Joe, Medium toned shirts can be a challenge. Diluting the pretreatment with distilled water can help. Also being very careful to treat the entire shirt or side of shirt and feathering the preteat area might help. Unfortunately I've never found a way to actually remove a stain once it's in there and if anyone has any tips, I've got a box full. Also joe, If you do air dry, keep out of direct sunlight, as the pretreatment can "yellow", causing staining


----------



## VampieOodles (Oct 5, 2009)

We have a few ourselves. Just wondering if the belquette pretreatment for lighter shirts is better. Anyone had any experience with it?


----------



## 23spiderman (Jun 26, 2008)

I've used the Gildan Lime and had good results.
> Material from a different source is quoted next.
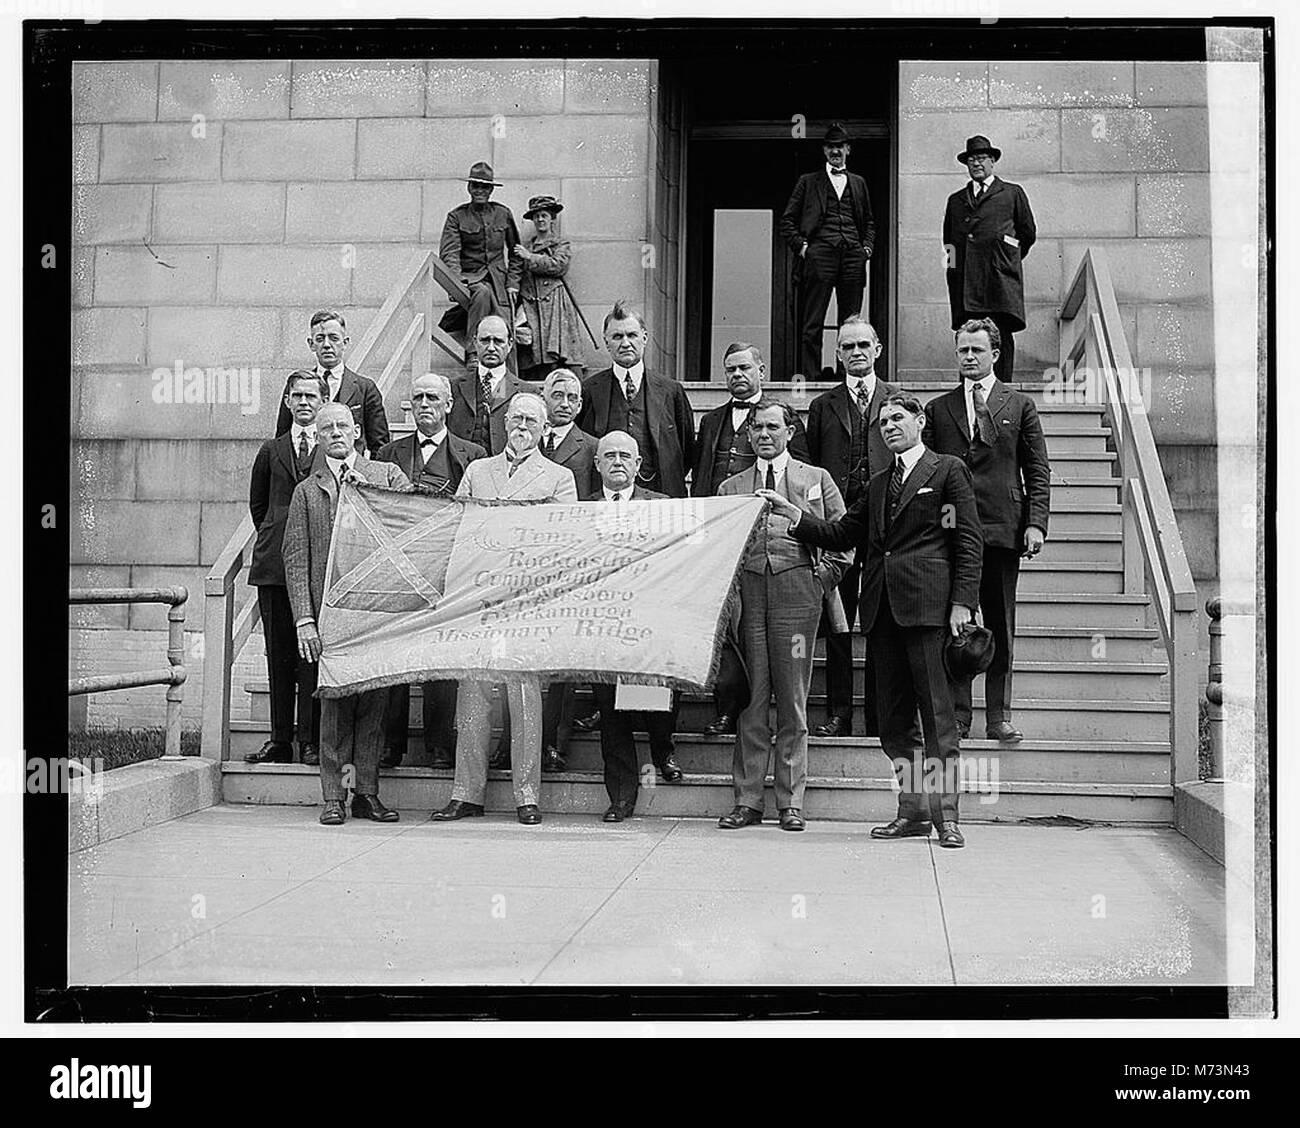 Illinois Regiment Imágenes De Stock & Illinois Regiment Fotos De ...

One common problem is using too much pretreatment, so try backing off a little and see if that helps. Like Ian said, feather the edges. I do this by releasing the trigger of the sprayer when I get to the edge, and then squeezing again to start the next layer of spray. Just like if you were painting a wall with a spray can. You wouldn't hold the nozzle down while going back and forth. Also, I use my squeegee to feather out the spray.

After heat pressing their isn't anything I've found that removes the stain. But if you air dry, and still have a stain, take a warm washcloth and rub it on the edges of your stain. It's tedious, but it has helped to lessen the stain look.


----------



## DAGuide (Oct 2, 2006)

Another thing you can try to do is mist the shirt with distilled water before applying the pretreatment. Some people prefer this instead of diluting the pretreatment for bright colored garments.


----------



## equipmentzone (Mar 26, 2008)

Clueless Joe said:


> We just printed about 35 lime green shirts. We pretreated with Anabright. Some of the shirts have stains from the pretreat. Is there anyway to get these stains out? HELP




Instead of using the standard white pretreatment you might want to try EZ FastBright Pretreatment when you print white ink on light colored shirts such as lime green. It was specially formulated for use on light colored garments and to avoid issues like you're describing. We have some very large fullfillment houses using it exclusively for their light shirt white ink printing.

Harry
Equipment Zone


----------



## SickPuppy (Aug 10, 2009)

I had this issue not too long ago with an order of 50 light red shirts. 

I used the EZ FastBright Pretreatment and was still getting a stain around the print. What I ended up doing was using the distilled water. I sprayed the water along the edges of the shirt about 2 inches wide then applied the pretreatment. After putting on the pretreatment I used a paint brush to even it out. It eliminated the stain.


----------



## Don-ColDesi (Oct 18, 2006)

The pre-treatment currently being manufactured by the largest white ink manufacturer should not stain shirts and certainly not yellow in the sun. All bets are off on red shirts as the dye in them is very reactive to almost anything. You may want to try some standard white ink pre-treatment from another source or two to see if your problem goes away.


----------